Presumably these fast-growing salmon pose the same risks as the AquAdvantage salmon, although conventional breeding is not regulated and the latter was associated with decades of delay, millions of dollars in new animal drug regulatory approval costs, and all fish must be raised as sterile triploid females in land-based containment tanks and is subject to ongoing regulatory compliance costs.

This might sound like an argument to just let conventional breeding do its job. As a geneticist I have to agree,  and this is absolutely an option, albeit a slower one, for traits that vary in the target population. But for some traits like disease resistance, having the ability to bring in useful genetic variation enables breeders to introduce novel traits that cannot be achieved by conventional breeding. The problem is that it has not be possible to bring transgenic food animals to market, even those that address traits of interest to the consumer like disease-resistance and animal welfare traits.

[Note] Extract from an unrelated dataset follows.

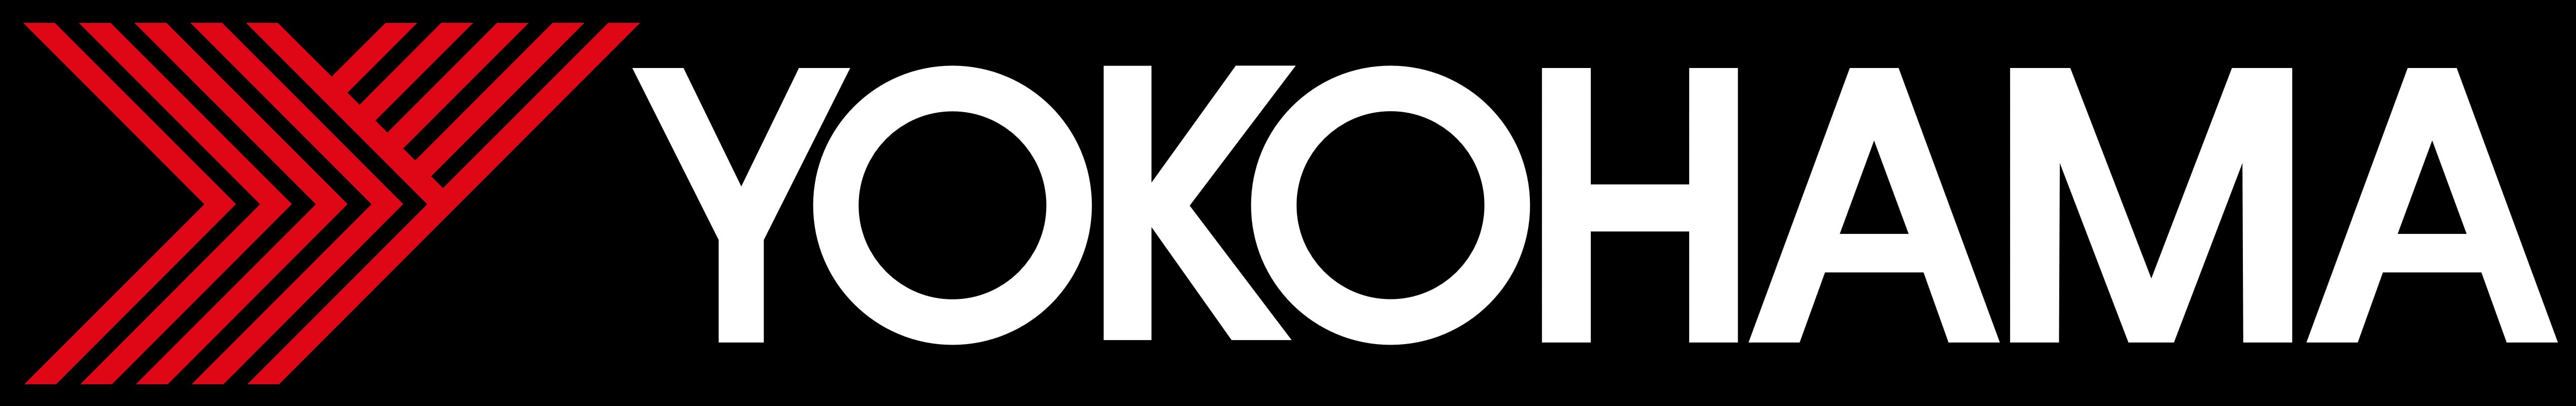 Αποτέλεσμα εικόνας για yokohama logo
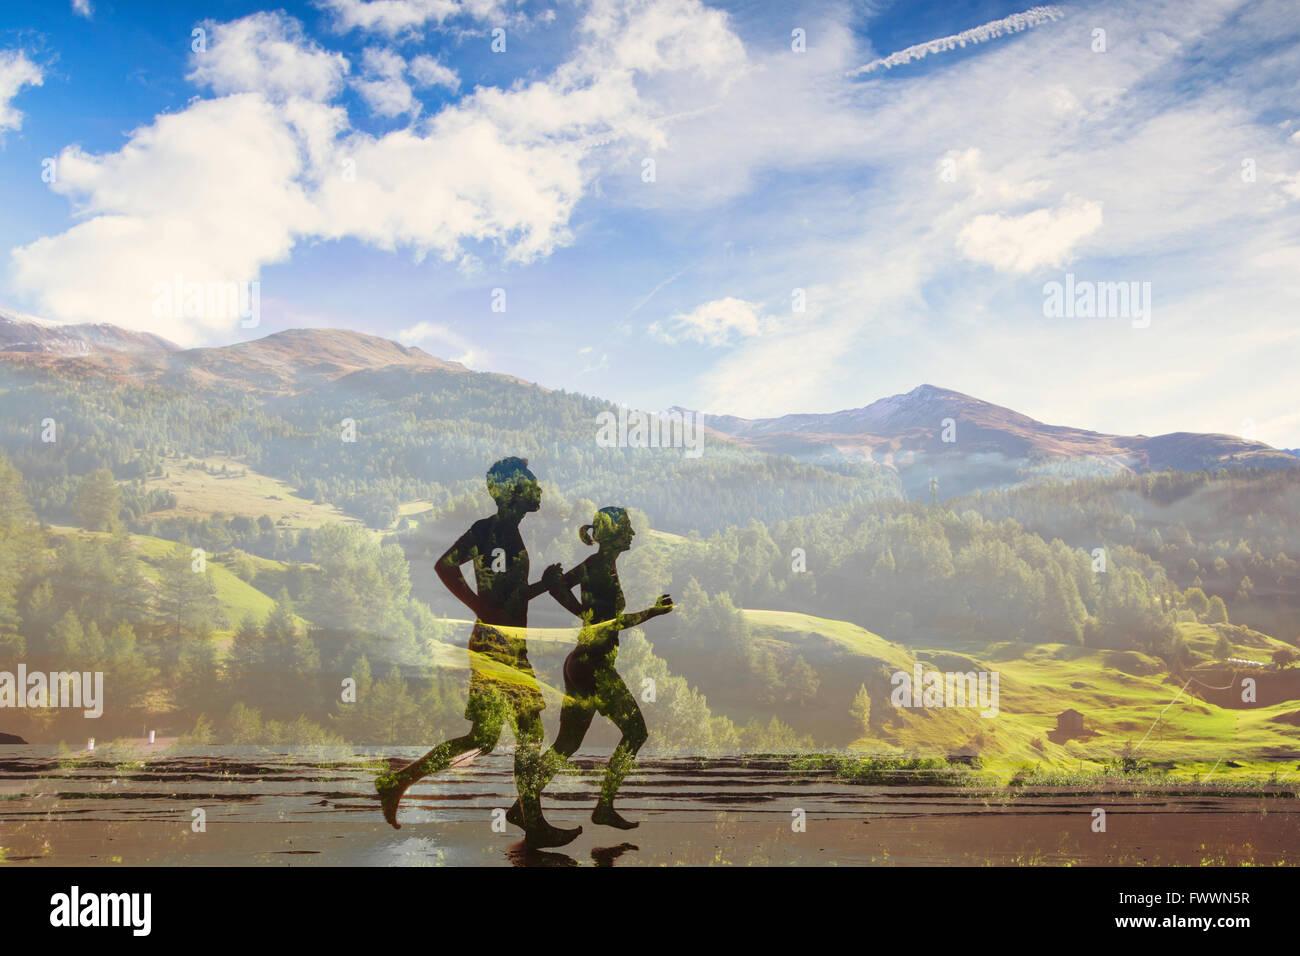 Doble exposición de dos corredores, eco trail en la competición de la naturaleza, el deporte, el triatlón o maratón Foto de stock

All of it is blocked.

Having a different regulatory standard triggered by the process (i.e. rDNA versus other breeding methods) used to make a product , rather than on the risk associated with the product itself  runs counter to the The United States “Coordinated Framework for the Regulation of Biotechnology,” which is technically agnostic towards the technology or process under review.  According to the Office of Science and Technology Policy (OSTP) in the Federal Register in 1992:

“Exercise of oversight in the scope of discretion afforded by statute should be based on the risk posed by the introduction and should not turn on the fact that an organism has been modified by a particular process or technique … (O)versight will be exercised only where the risk posed by the introduction is unreasonable, that is, when the value of the reduction in risk obtained by additional oversight is greater than the cost thereby imposed ”

This suggests that the U.S. should only exercise regulatory authority over organisms — plant or animal — based on the risks they pose.  This is irrespective of the breeding technique used to produce them, and used only when the risk posed is unreasonable, which is clarified to mean the cost of regulatory oversight is not greater than the reduction in risk obtained by that oversight. it is difficult to see how this applies to transgenic animals given the history of the fast-growing salmon.  It was hoped that new breeding methods like gene-editing would be treated more like conventional breeding. Unfortunately, that is not how it happened, as discussed in Part 3 of this series.